Во время одного из сеансов он вдруг обнаружил, что душа его парит под потолком лаборатории, взирая на корчащееся под скальпелями мучителей собственное тело, и решил, что наконец-то полностью потерял рассудок. Однако через какое-то время снова проснулся в камере, целый и невредимый, смутно припоминая, кто он такой и что делал раньше… до того, как…

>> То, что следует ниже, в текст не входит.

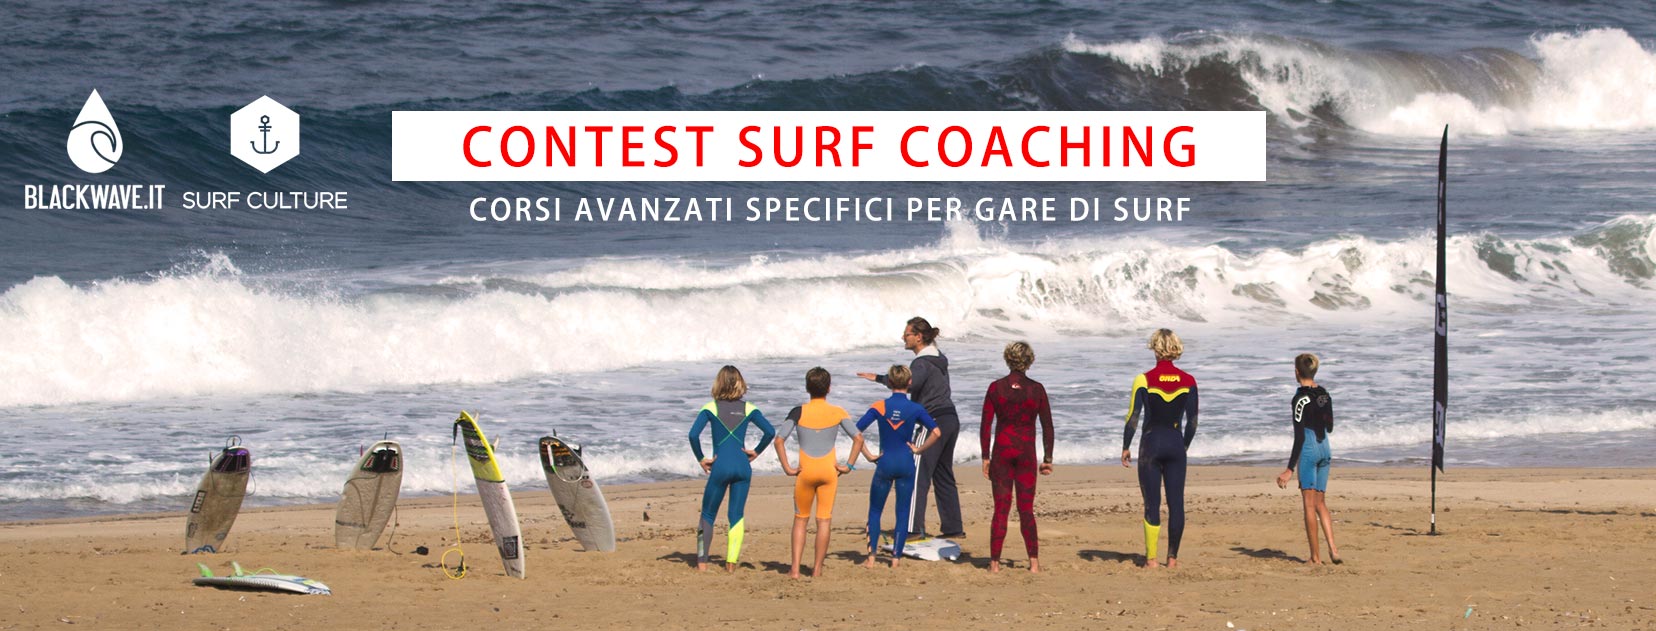 contest_surf_coaching_nicola_bresciani
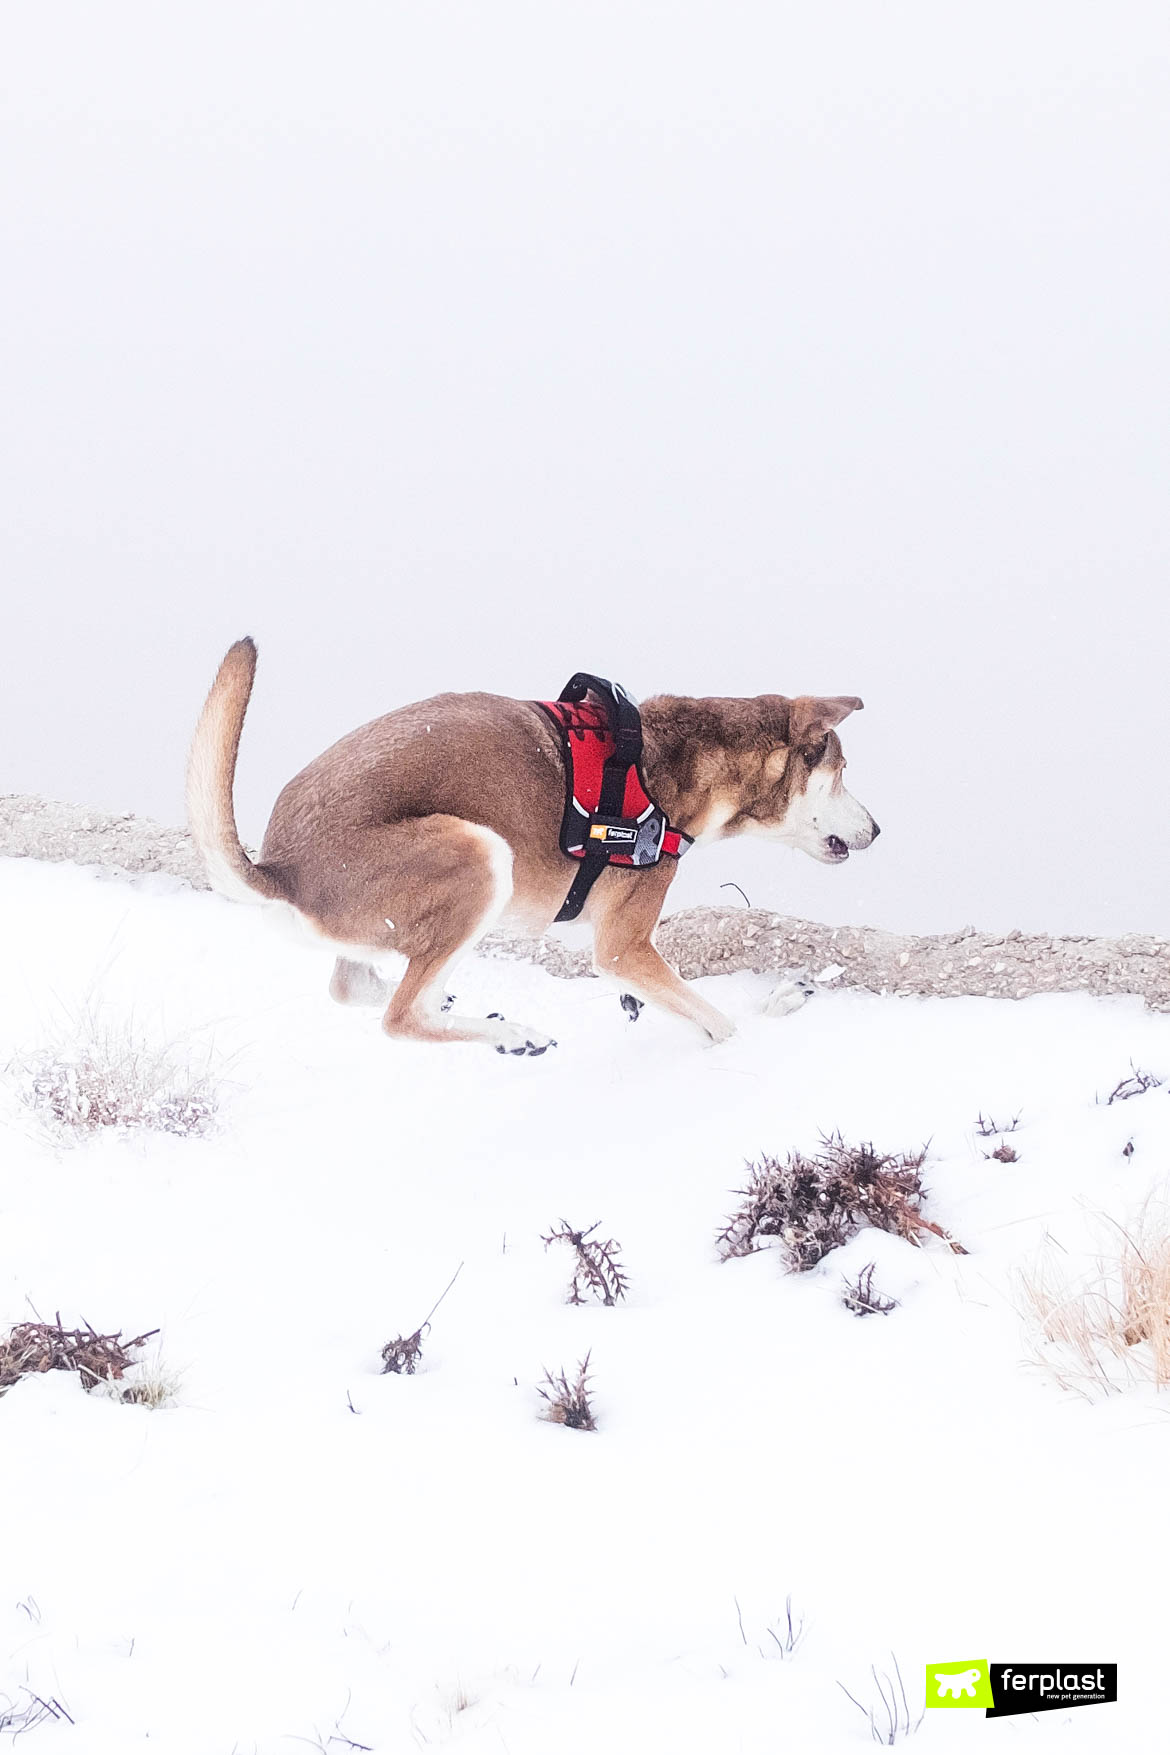 10 Fun Winter Dog Activities

Насколько Дэв мог судить, было три или четыре сеанса «обработки». Потом… потом снова Танис. При мысли об этом его снова затрясло и чуть не вырвало. Так откуда эти образы? Кое-что в расположении приборной панели и подаче информации на экран дисплея казалось ему незнакомым, напоминая одну из имперских моделей страйдера, «Танто» или, может быть, «Тачи». Дэв никогда не управлял имперским страйдером, а потому и все эти жуткие образы-воспоминания должны были придти из памяти японской машины.
Или всё же из «Призрака»? Он никак не мог вспомнить. Картины разрушения города и уничтожения людей постоянно сменялись, прерываясь вопросами и репликами истязателей.
– Ты предатель, Камерон. Как и твой отец.
– Мой отец герой!
– Твой отец взорвал небесный лифт на Лунг Ши во время эвакуации. На его совести гибель полумиллиона жителей планеты.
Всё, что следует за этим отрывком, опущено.